Unnamed: 0,title,selftext,subreddit,post_word_count,post_length,selftext_lemma,sentiment
0,Megathread: US Medication Shortage,as many of you are aware by now the current u ...,0,319,2033,a many of you are aware by now the current u s...,-0.9567
1,Did you do something you're proud of? Somethin...,what success have you had this week did you ac...,0,52,288,what success have you had this week did you ac...,0.9633
2,The Vyvanse poops have taken over my mornings..,i now wake up at least 1 5 hours early to ensu...,0,85,379,i now wake up at least 1 5 hour early to ensur...,0.6124
3,Why does someone forcing you to push through e...,i can t even explain how it hurts but it s so ...,0,62,304,i can t even explain how it hurt but it s so m...,-0.8755
4,Just had an epiphany- isn’t it crazy how relig...,so my mom can believe in all her saints god je...,0,175,897,so my mom can believe in all her saint god jes...,-0.9856
...,...,...,...,...,...,...,...
4579,Scared of old people,anyone else scared of old people when i talk t...,1,77,398,anyone else scared of old people when i talk t...,-0.7933
4580,Recommendations for blocking out noise for sleep,i have a really hard time sleeping due to even...,1,116,588,i have a really hard time sleeping due to even...,-0.6284
4581,Mom Refuses Access to Diagnosis Report,i 17f was diagnosed with autism and adhd aroun...,1,83,403,i 17f wa diagnosed with autism and adhd around...,-0.4019
4582,Do you feel uncomfortable with everyday sounds?,i m talking about inevitable sounds as birds d...,1,204,1067,i m talking about inevitable sound a bird dog ...,0.3574


In [9]:
# check for nulls
sr_posts.isnull().sum()

title               0
selftext            7
subreddit           0
post_word_count     0
post_length         0
selftext_lemma     10
sentiment           0
dtype: int64

In [10]:
# drop all null values
sr_posts.dropna(inplace = True)

In [11]:
# check for nulls
sr_posts.isnull().sum()

title              0
selftext           0
subreddit          0
post_word_count    0
post_length        0
selftext_lemma     0
sentiment          0
dtype: int64

We will start first by exploring the null baseline model, our baseline accuracy score for the majority class.
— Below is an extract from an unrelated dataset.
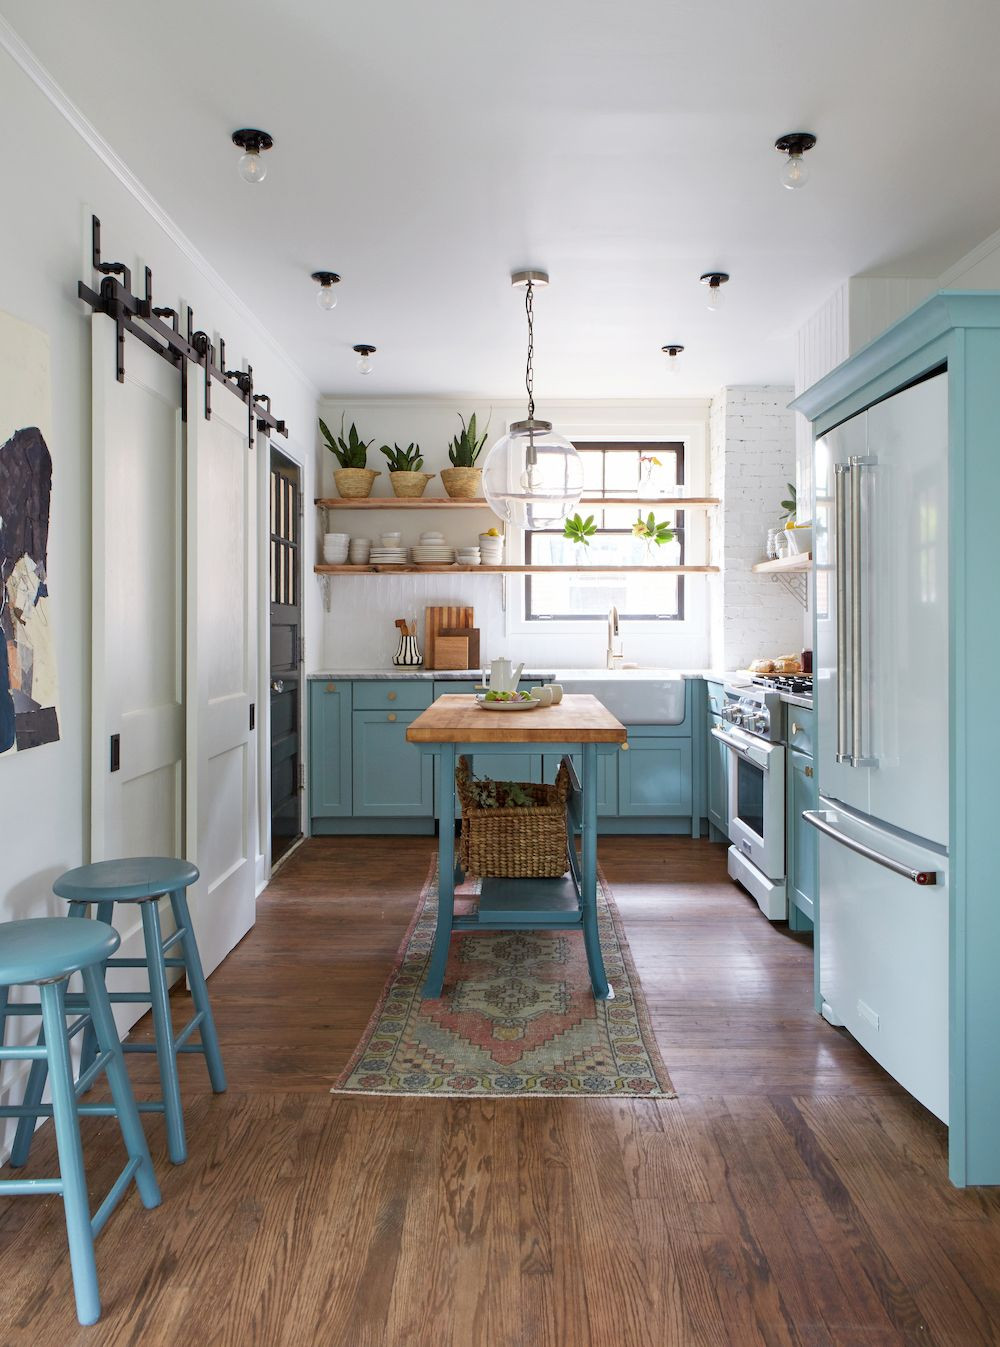 Modern Meets Rustic In These Perfectly Balanced Farmhouse Kitchens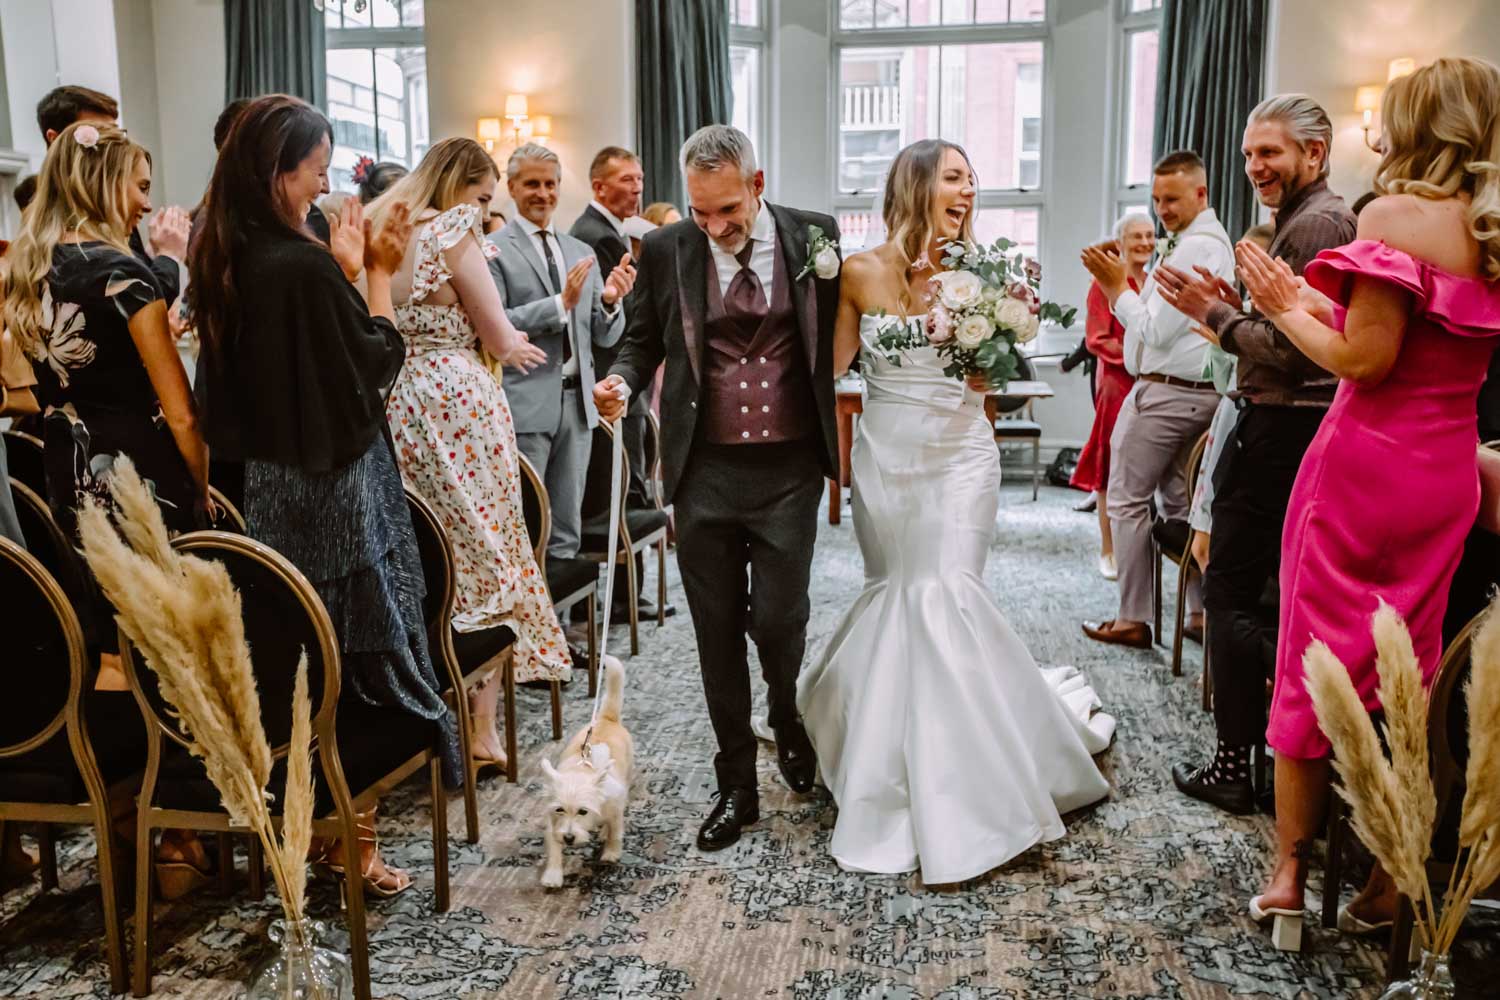 The freshly married couple joyfully walks down the aisle with their dog while guests clapping

This will then be used as an ongoing yardstick to compare other models moving forward. Since the data are collected fairly evenly from both subreddits, the reader will recall that we are hoping to achieve an accuracy score of at least 90% on our test set, exceeding our null baseline score by approximately 40%.

In [12]:
# displays proportion of posts belonging to each subreddit
sr_posts['subreddit'].value_counts(normalize = True)

1    0.500219
0    0.499781
Name: subreddit, dtype: float64

According to this null model, any subsequent models must be able to guess the majority class of autism with greater than a 0.50 baseline accuracy score to ensure that they are modeling better than the null baseline accuracy.

We will be looking at a couple different preliminary models of the purpose of feature selection. The goal here will be to choose different features to iterate on the same model before iterate with the final, selected features on multiple different models.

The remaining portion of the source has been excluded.